Return the data exactly, without pictures.

_Data block_
--*--
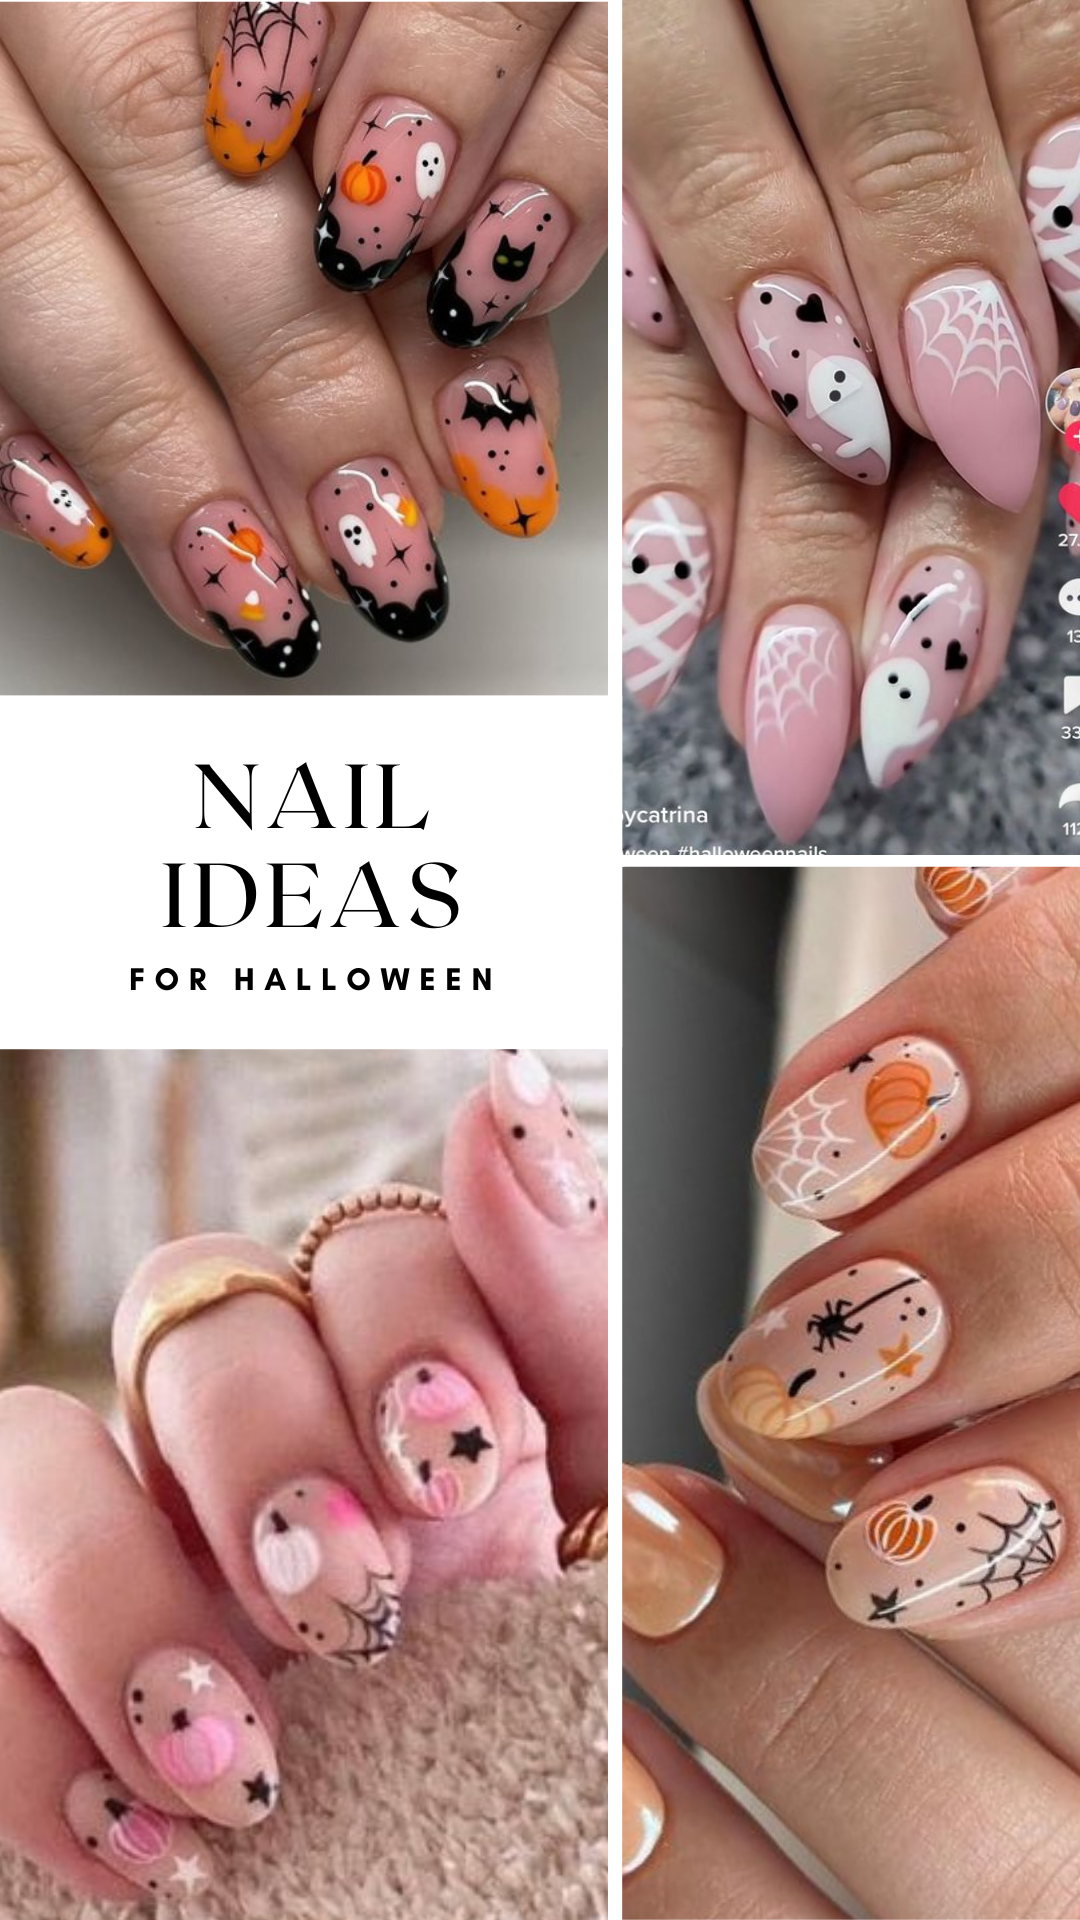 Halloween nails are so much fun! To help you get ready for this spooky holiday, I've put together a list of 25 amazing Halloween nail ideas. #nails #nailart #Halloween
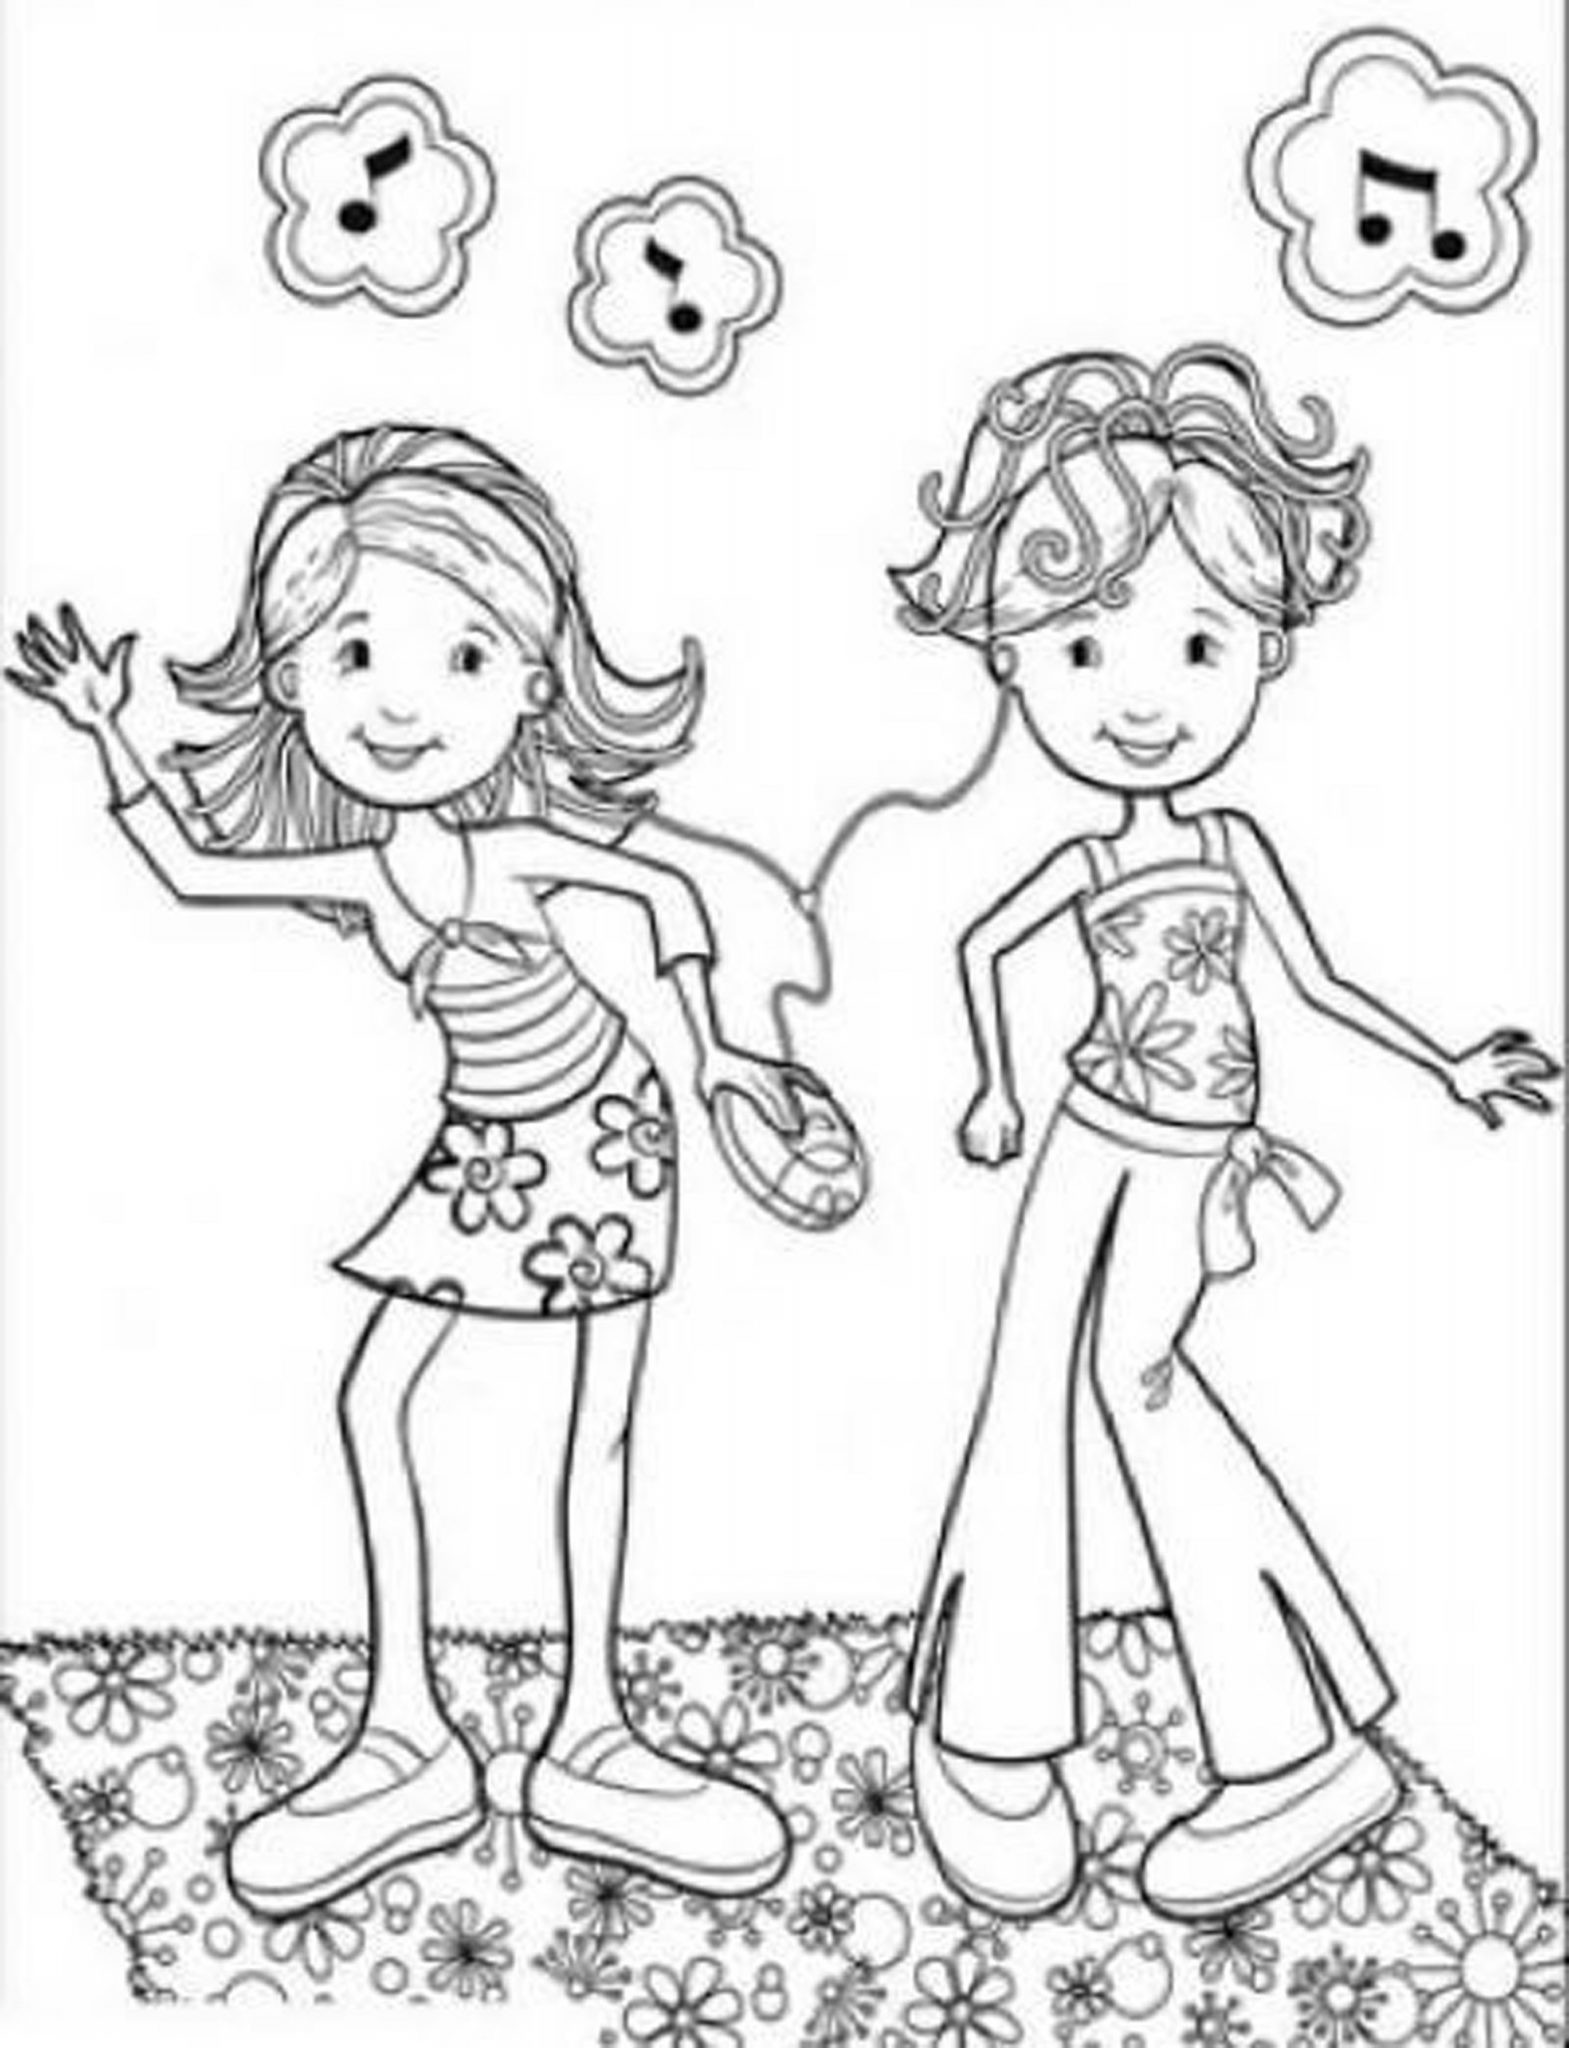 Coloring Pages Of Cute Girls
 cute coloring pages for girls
--*--
_Answer box_
 Halloween nails are so much fun! To help you get ready for this spooky holiday, I've put together a list of 25 amazing Halloween nail ideas. #nails #nailart #Halloween
 Coloring Pages Of Cute Girls
 cute coloring pages for girls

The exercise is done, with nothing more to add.